• WHAT TO PRODUCE
Copy only what lies from the line containing "Правильный Ужин Не" through the line containing "Кровать МО РОСТ" in the entries below, keeping both end lines exact and dropping every picture.

• EXERCISE DATA
-------

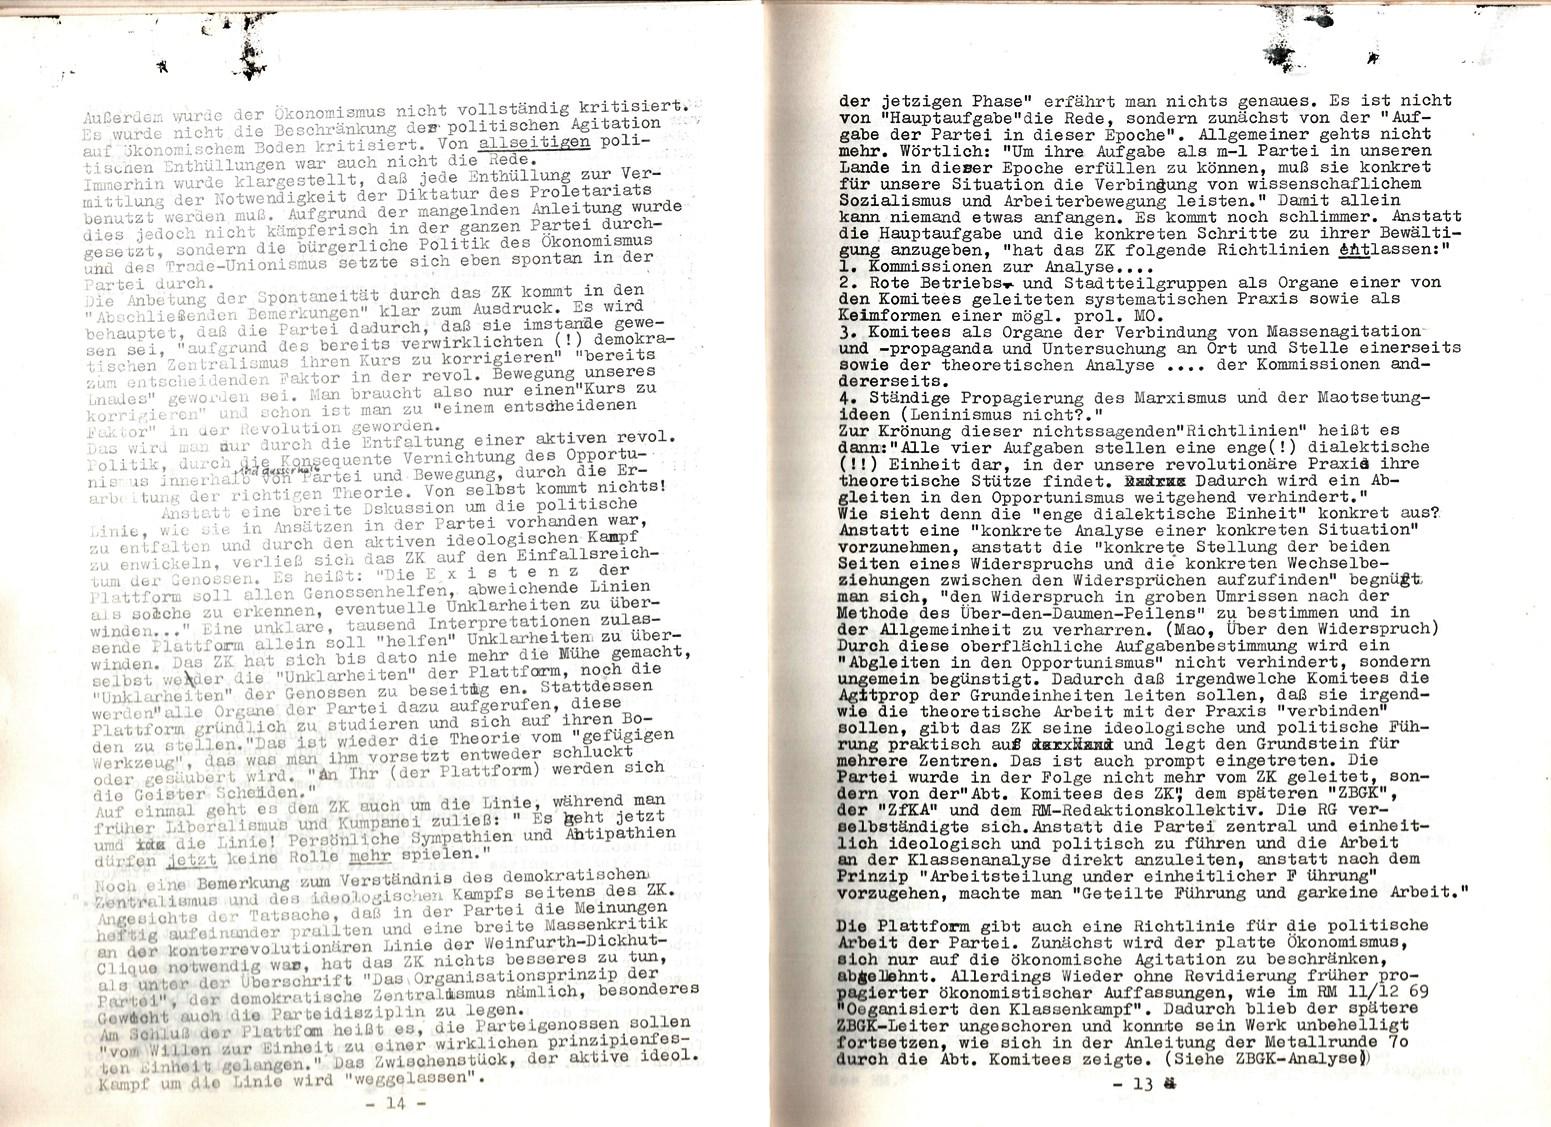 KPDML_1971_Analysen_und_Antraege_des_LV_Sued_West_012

-------

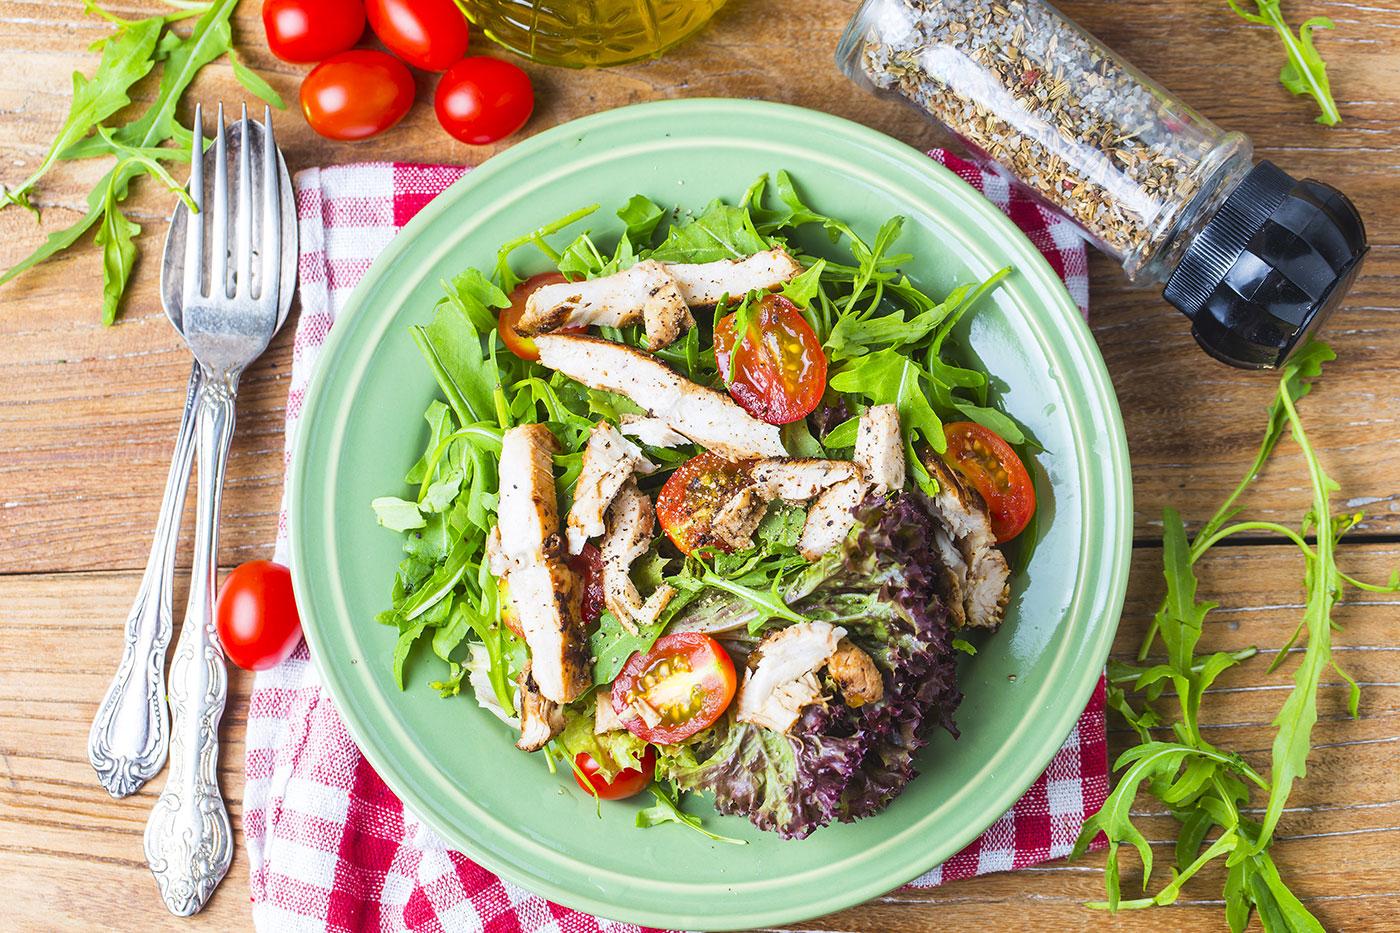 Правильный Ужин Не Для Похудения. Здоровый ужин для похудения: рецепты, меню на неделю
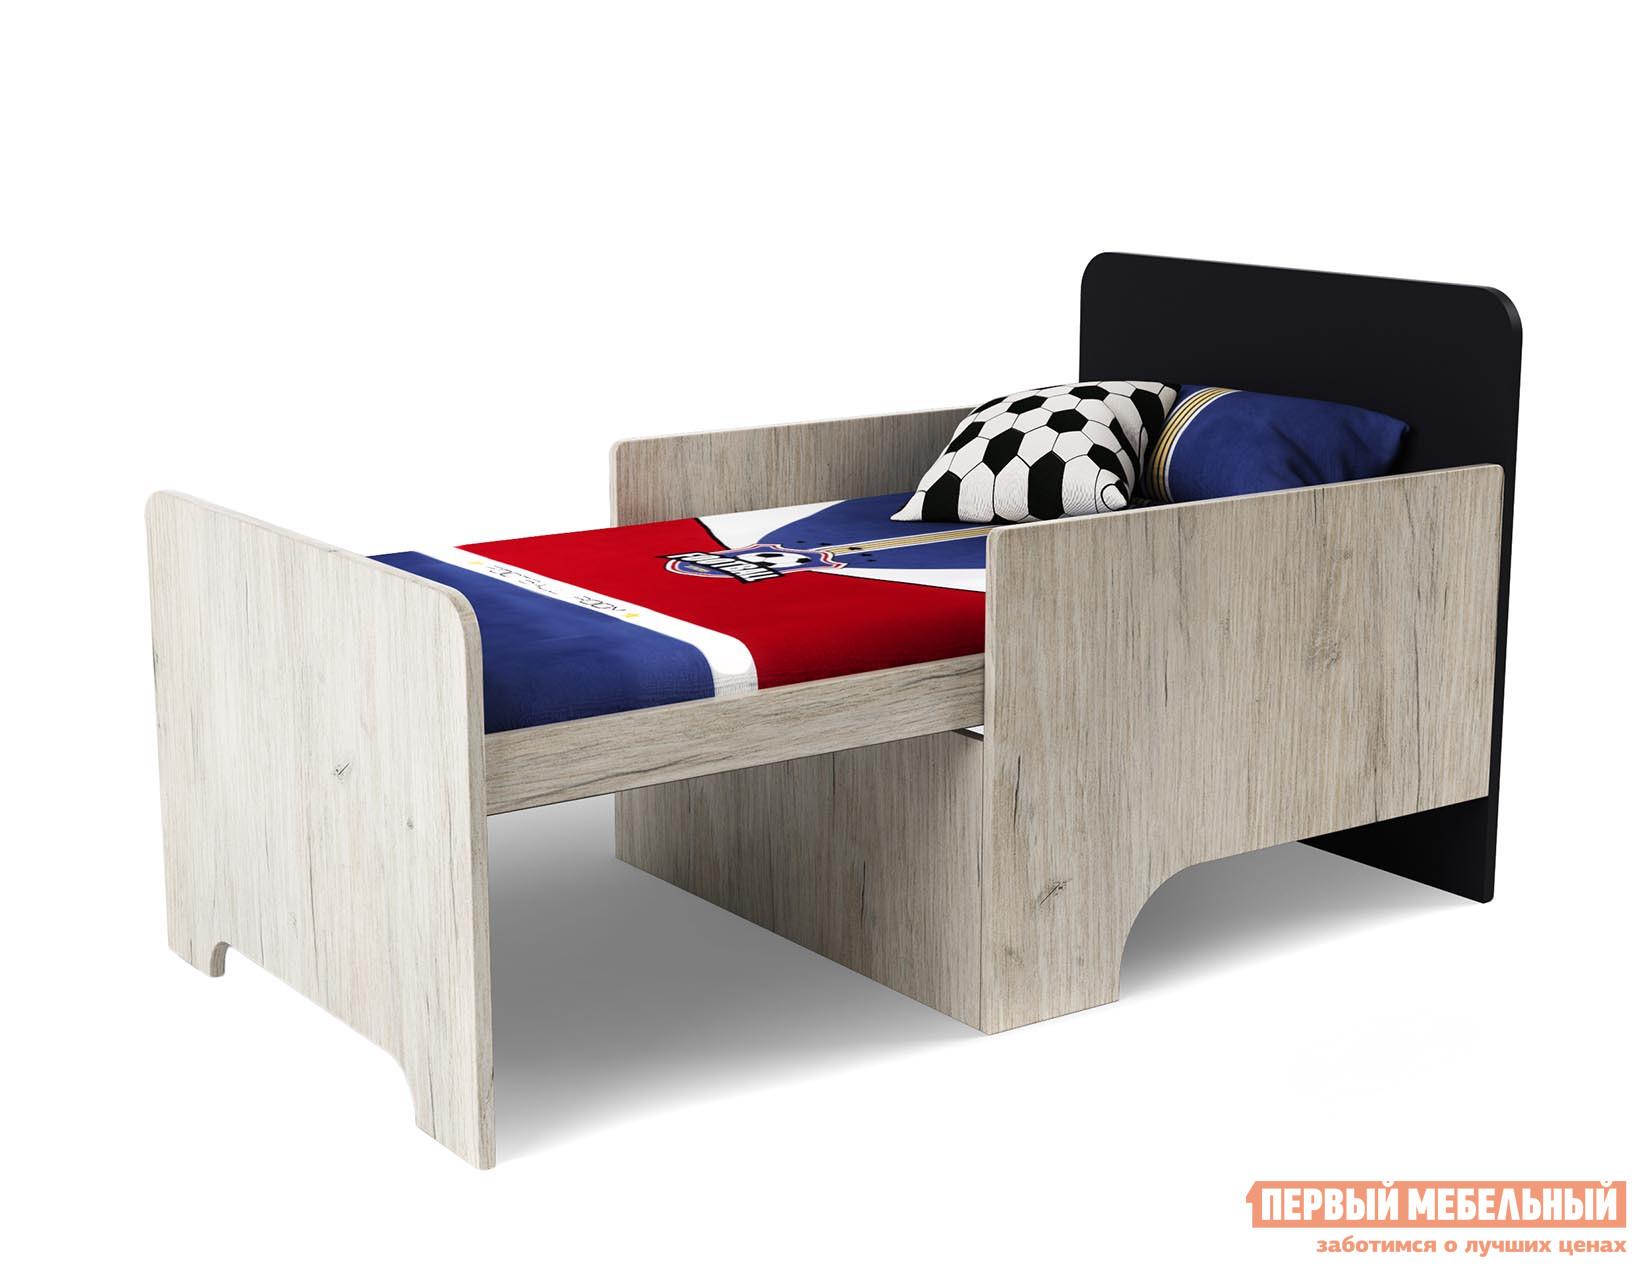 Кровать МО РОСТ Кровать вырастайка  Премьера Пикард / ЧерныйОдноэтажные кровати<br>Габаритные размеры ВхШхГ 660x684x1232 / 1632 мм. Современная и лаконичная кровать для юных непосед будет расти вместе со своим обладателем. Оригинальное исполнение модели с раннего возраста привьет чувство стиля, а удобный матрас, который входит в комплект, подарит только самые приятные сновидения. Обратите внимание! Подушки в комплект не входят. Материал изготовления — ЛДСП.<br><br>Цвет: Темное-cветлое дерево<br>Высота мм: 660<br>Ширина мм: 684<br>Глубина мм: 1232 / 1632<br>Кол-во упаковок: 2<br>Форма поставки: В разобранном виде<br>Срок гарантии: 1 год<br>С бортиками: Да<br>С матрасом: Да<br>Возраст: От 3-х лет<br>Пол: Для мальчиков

-------

• RESPONSE TO THIS EXERCISE
 Правильный Ужин Не Для Похудения. Здоровый ужин для похудения: рецепты, меню на неделю
 Кровать МО РОСТ Кровать вырастайка  Премьера Пикард / ЧерныйОдноэтажные кровати<br>Габаритные размеры ВхШхГ 660x684x1232 / 1632 мм. Современная и лаконичная кровать для юных непосед будет расти вместе со своим обладателем. Оригинальное исполнение модели с раннего возраста привьет чувство стиля, а удобный матрас, который входит в комплект, подарит только самые приятные сновидения. Обратите внимание! Подушки в комплект не входят. Материал изготовления — ЛДСП.<br><br>Цвет: Темное-cветлое дерево<br>Высота мм: 660<br>Ширина мм: 684<br>Глубина мм: 1232 / 1632<br>Кол-во упаковок: 2<br>Форма поставки: В разобранном виде<br>Срок гарантии: 1 год<br>С бортиками: Да<br>С матрасом: Да<br>Возраст: От 3-х лет<br>Пол: Для мальчиков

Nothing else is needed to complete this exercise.